E então inclino um pouco o meu corpo para o lado, e meu dedo rabisca mais palavras ao lado das demais, e então...
Derrubo a mim mesmo da espreguiçadeira.
Sim, eu caio de rosto na areia.
De não muito longe, eu já posso sentir a tua gargalhada chegando aos meus ouvidos. Ouço você beirando à histeria, e por um breve momento eu considero o exagero da tua reação. Mas neste lugar, diferente de tantos outros, eu estou um pouco mais livre do pavor que sinto de ser alvo de um enorme constrangimento.
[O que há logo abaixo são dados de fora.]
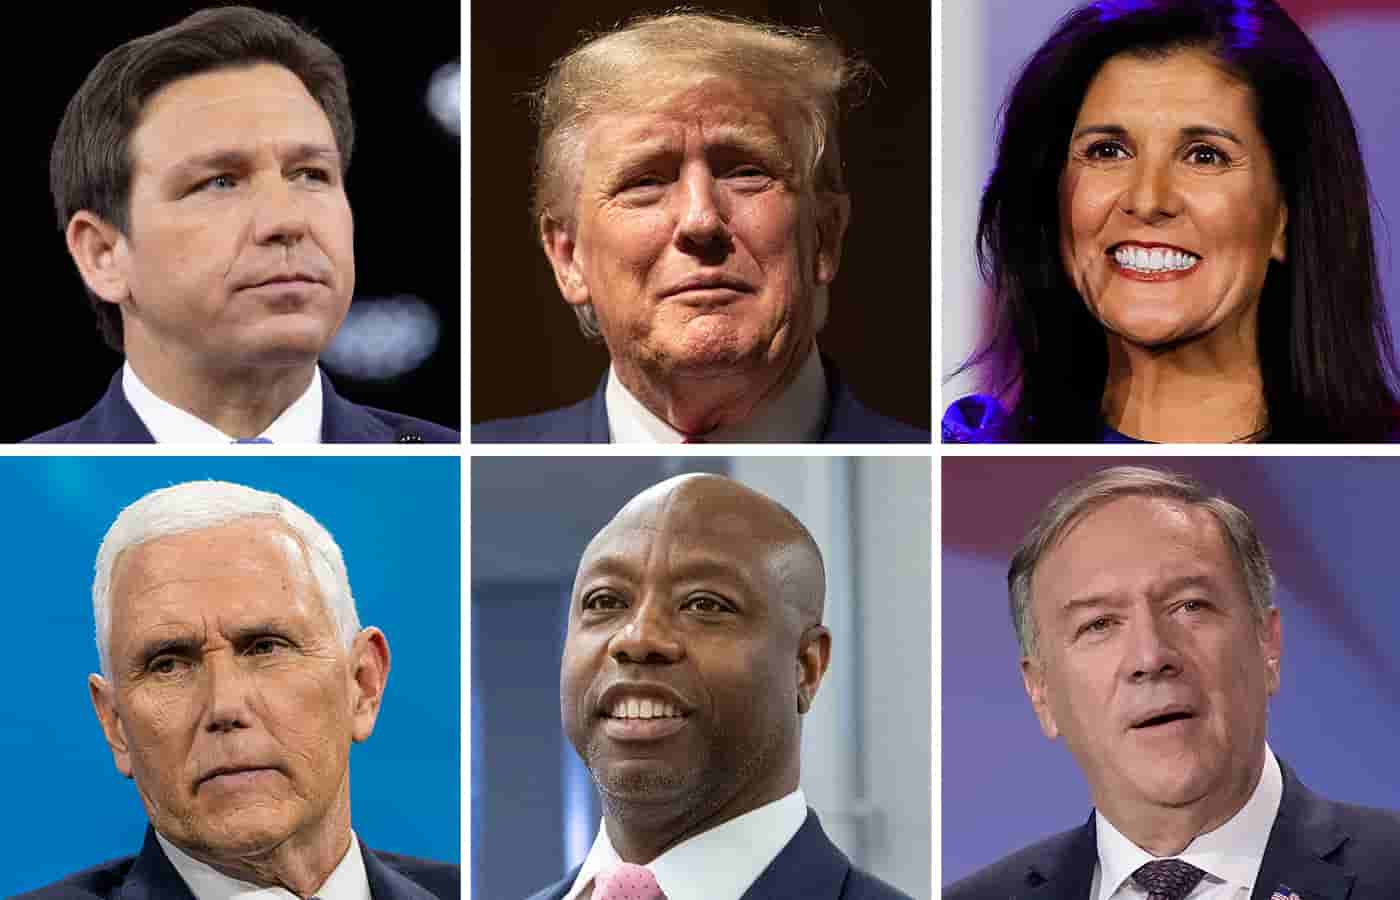 The field of potential 2024 Republican candidates, ranked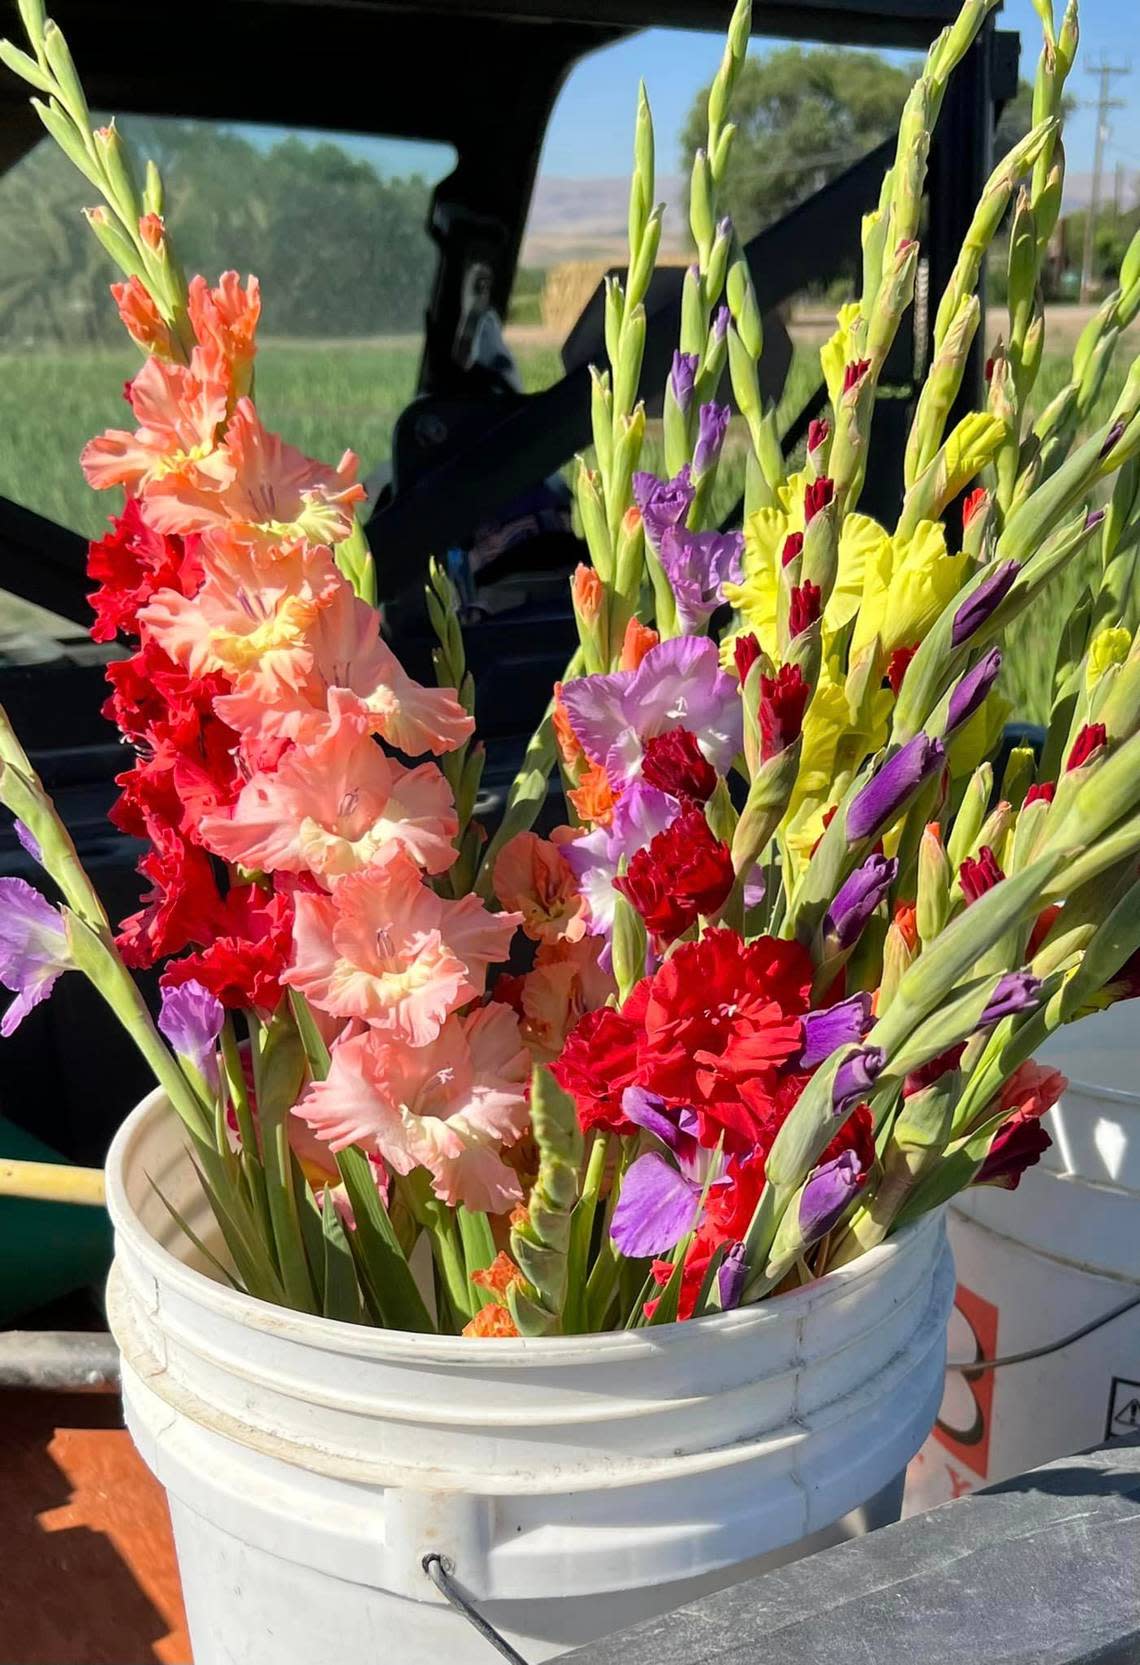 Mark and Cindy McClaskey have been selling gladiolas at the Capital City Public Market since it opened in downtown Boise in 1994.

A vida é curta demais para a gente se importar com isso. Tudo o que eu faço é erguer o meu rosto, cuspir um pouco de areia e olhar para você.
E assim eu rio por último. Rio junto.
E o sol ainda sorri enquanto cede espaço para a lua poder brilhar sob a sua luz, enquanto as ondas do mar seguem o seu rumo, apesar de nós e nossas risadas.
Estou contente.
E eu quero dividir este contentamento com você.
Tudo isso eu já consigo ver de dentro da caixa branca.
Pois esse é o futuro, meu caro amigo.